The “negroes” existed only to serve us. Each morning our family’s cook, Millie, and the other two black girls, just purchased from Georgia, brought in breakfast for our family. The house servants did everything, from cooking our daily meals to washing the bed clothes. And the rest of them; the field hands, all toiled in the tobacco fields, laboring without meed. Overall, the slaves were the backbone of every plantation in the South. This fact I used, to justify it, and it served sufficiently well for a time, till something happened on our plantation that changed everything.

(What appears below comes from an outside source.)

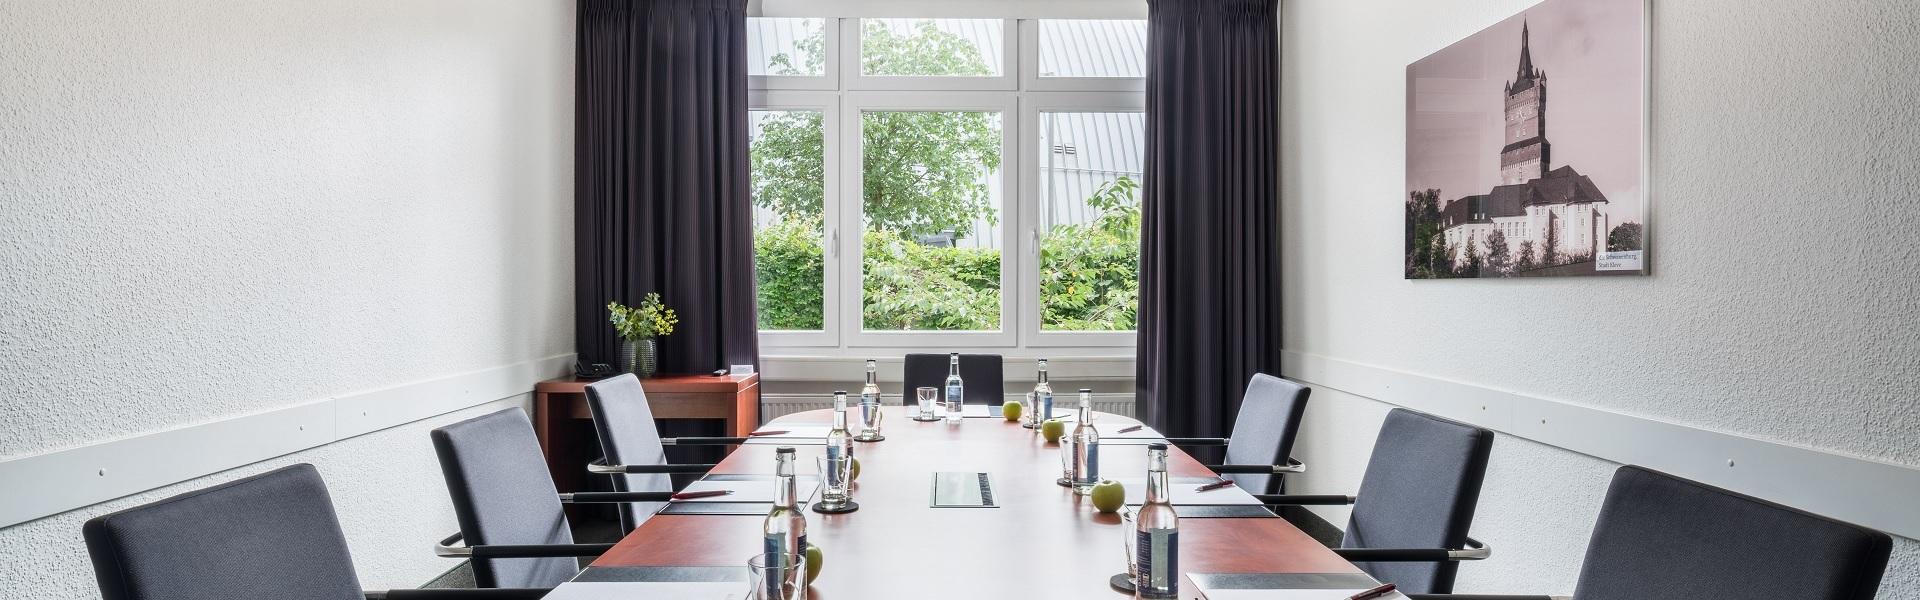 Tagungsraum Corvey Bielefelder Hof
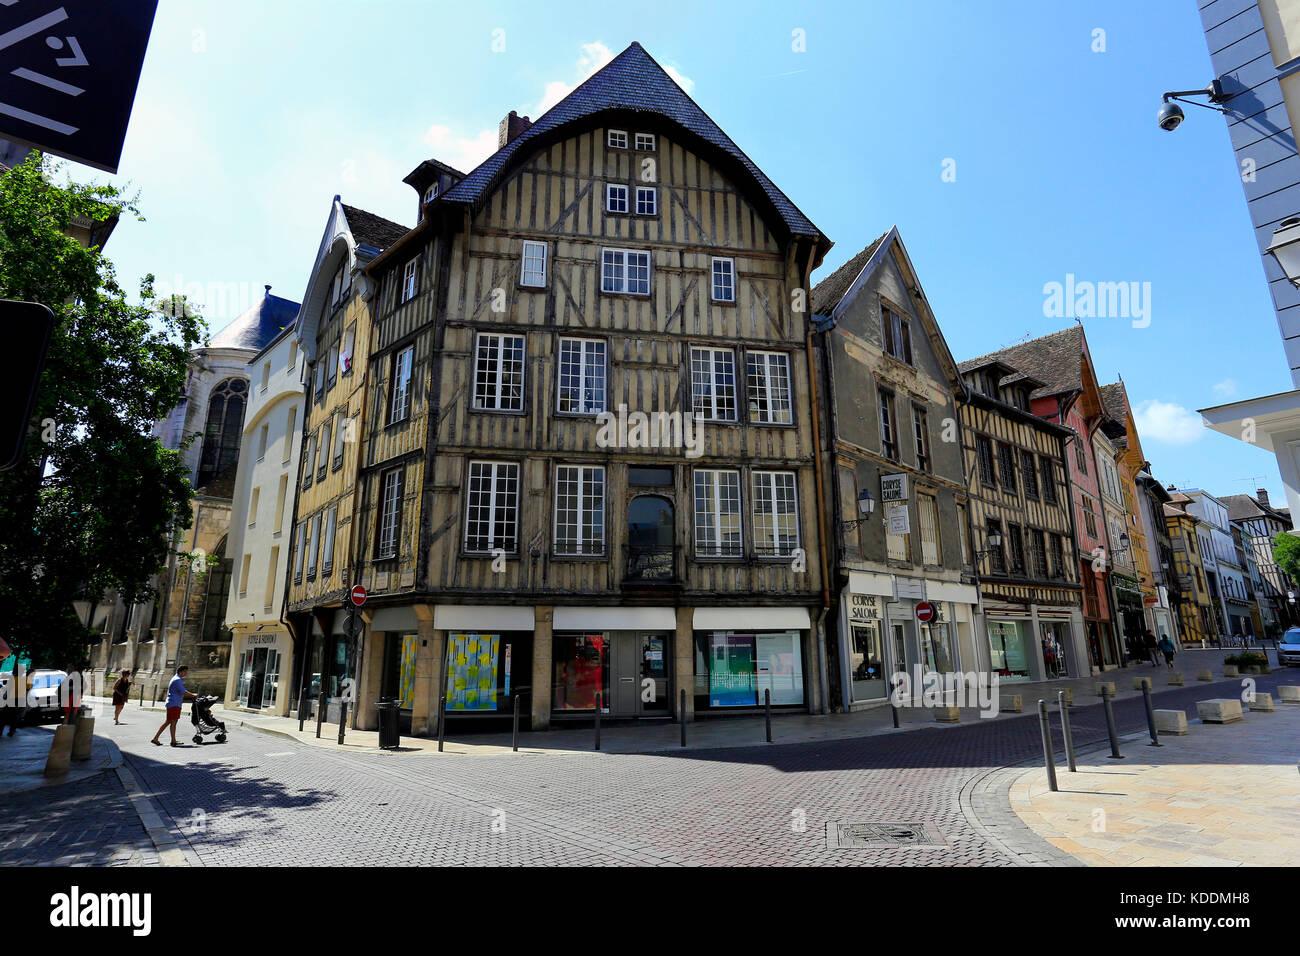 Troyes, France - Stock Image

Father intended to participate in an auction. He told us he hoped to exchange a field hand, whom he deemed insolent and lethargic, for a hardworking one who would benefit us adequately with assiduous labor. “The negro Tom—yep, he’s the one. Outright stubborn, that’s what he is,” Father stated. For a moment or two, as I comprehended his words, I almost allowed them to slip away into vagueness, when a realization struck me. Tom? Tom—Tom had been at our estate since his boyhood. And he had a family. The family didn’t live on our plantation, though. They dwelt on a neighboring one. But I had seen them together on several occasions. And when I thought of Tom and his family, I understood it all of a sudden. It meant splitting the family up even further. The little babies, with their large dark eyes and their tightly curled hair, would never know their papa. They’d never know his name or what he looked like. They would miss his big booming laugh and his comforting arms.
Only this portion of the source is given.